I want to close with one additional note of interest. Anne has not written this book with the expressed intention of making money off of it and has worked with the publisher to set a low price. She has also, like Rachael Denhollander, had to expose herself in this book in intensely personal ways that many of us could never fathom doing. Anne readily admits that she struggles with other spiritual issues, and that her faith in God is somewhat of a work in progress. Her frankness and transparency is commendable, as we so often want to apply quick fixes and throw Bible verses at difficult issues in order to move on to subjects that we may feel more prepared to grapple with. Don’t make the mistake of setting the book aside because of that. Do yourself and the people around you a favor, purchase a copy, read it, and think hard about how you can apply it.

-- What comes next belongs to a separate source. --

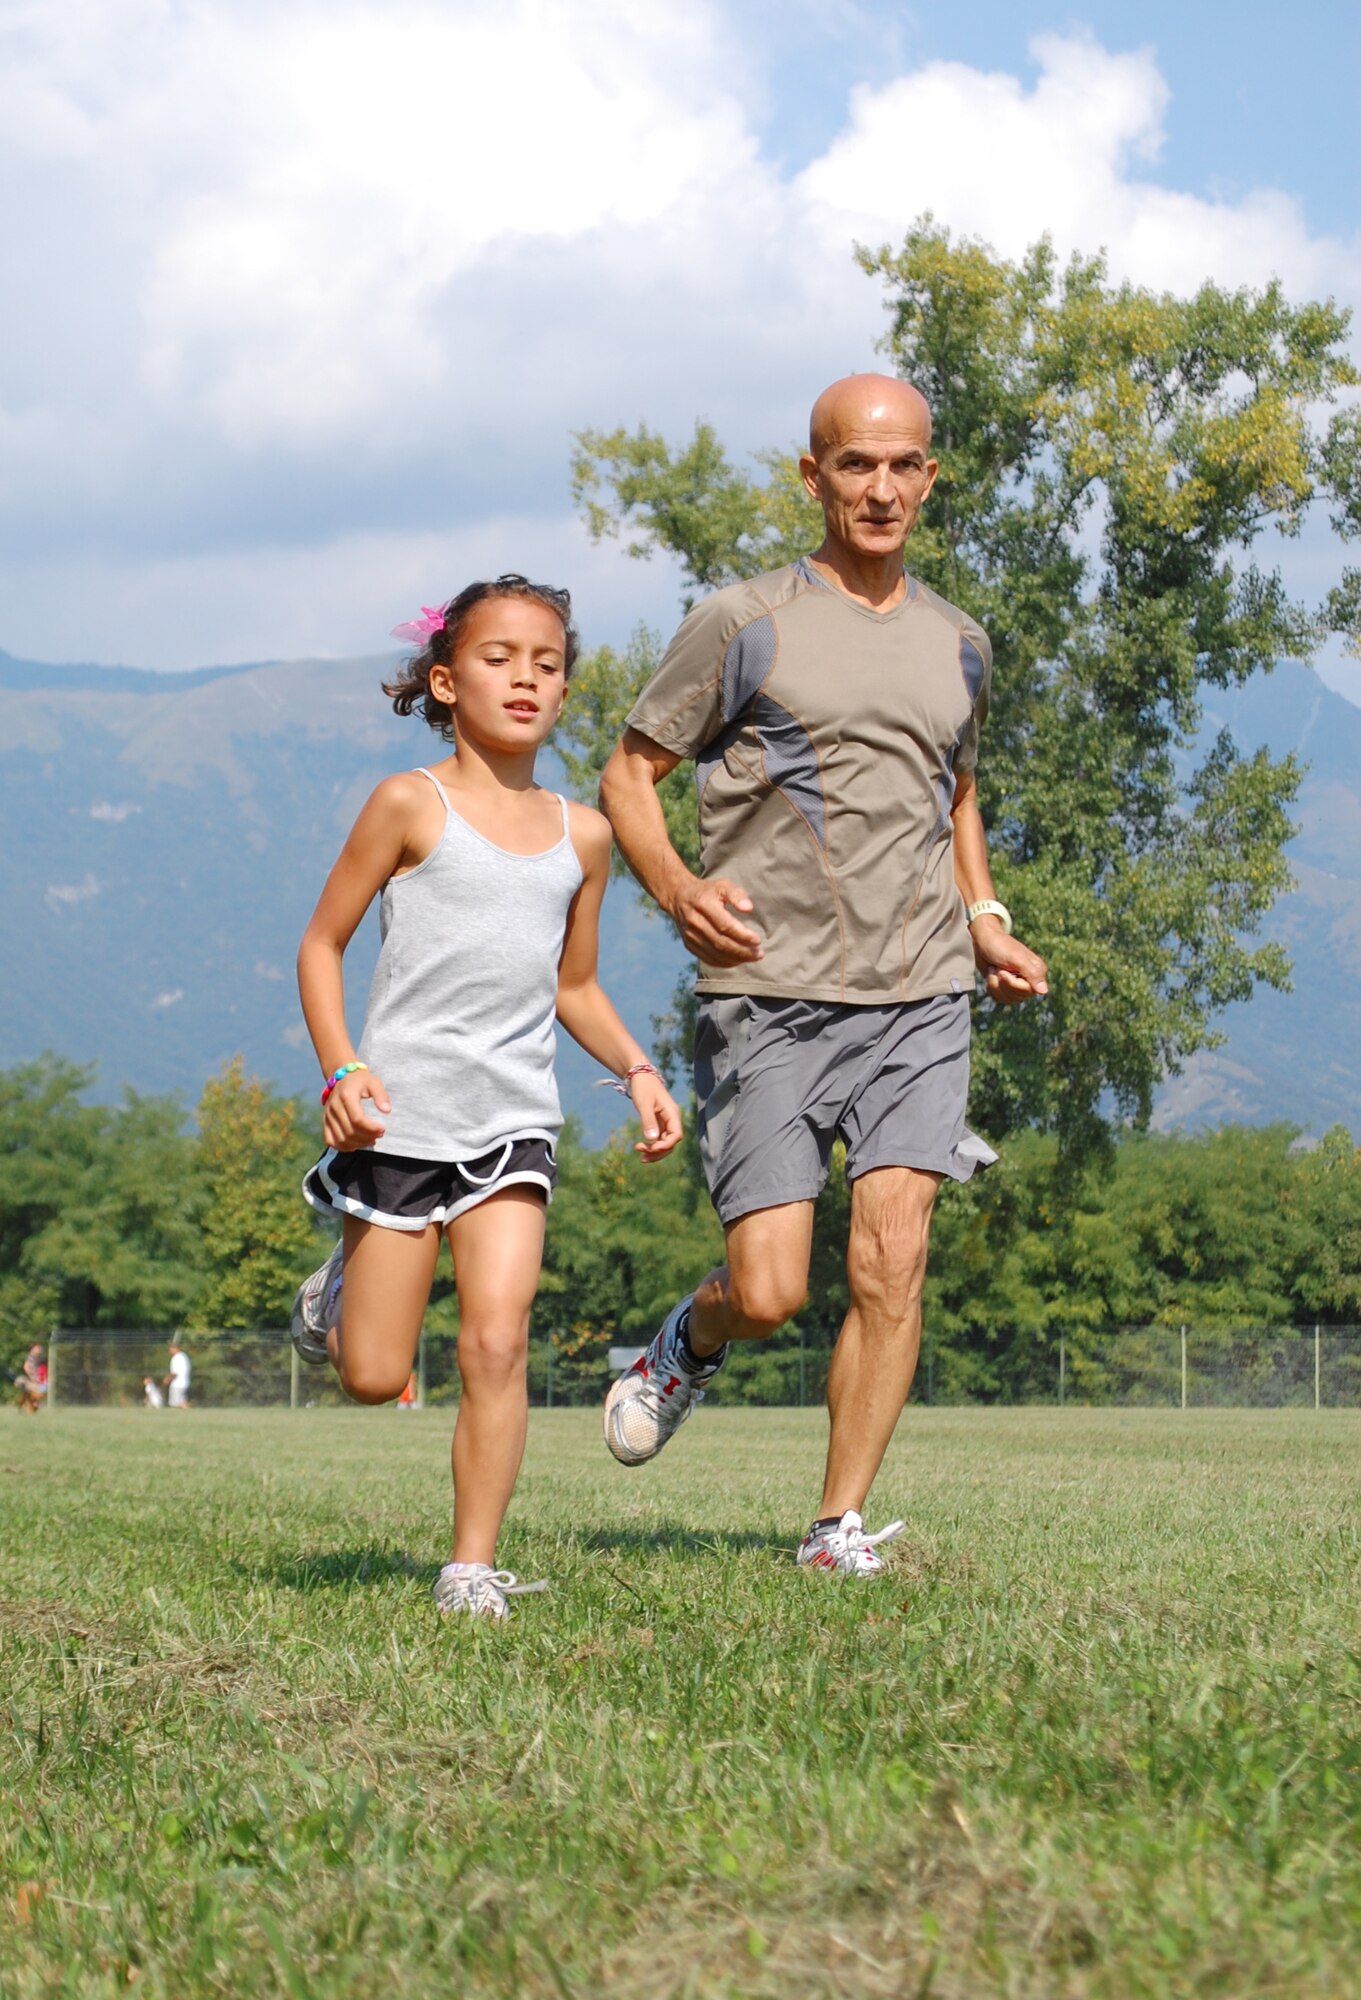 Huseyin Kara runs alongside his daughter, Emma, as she competes in the one-mile children's fun run Sept. 13, 2009 in Area D located outside Aviano Air Base in the town of Aviano, Italy. The children's race was part of the Third Annual Aviano Marathon celebration. (U.S. Air Force photo/Staff Sgt. Lindsey Maurice)

1 See “Southern Baptist Officials Knew of Sexual Abuse Allegations 11 Years Before Leader’s Arrest,” published July 16, 2018; and “Former Southern Baptist Official Indicted On Sexual Charges With Minor,” published Dec. 23, 2018, both accessed 10/02/19.
2 The Holy Bible: English Standard Version (Wheaton, IL: Crossway Bibles, 2016), Ezek. 34:7–10, emphasis added.
Jay Camp holds a MA and a BA in Pastoral Studies from Bob Jones University and Northland Baptist Bible College (later Northland International University). He serves at Fishkill Baptist Church in Fishkill, NY in many different capacities and is married to his wife of fifteen years.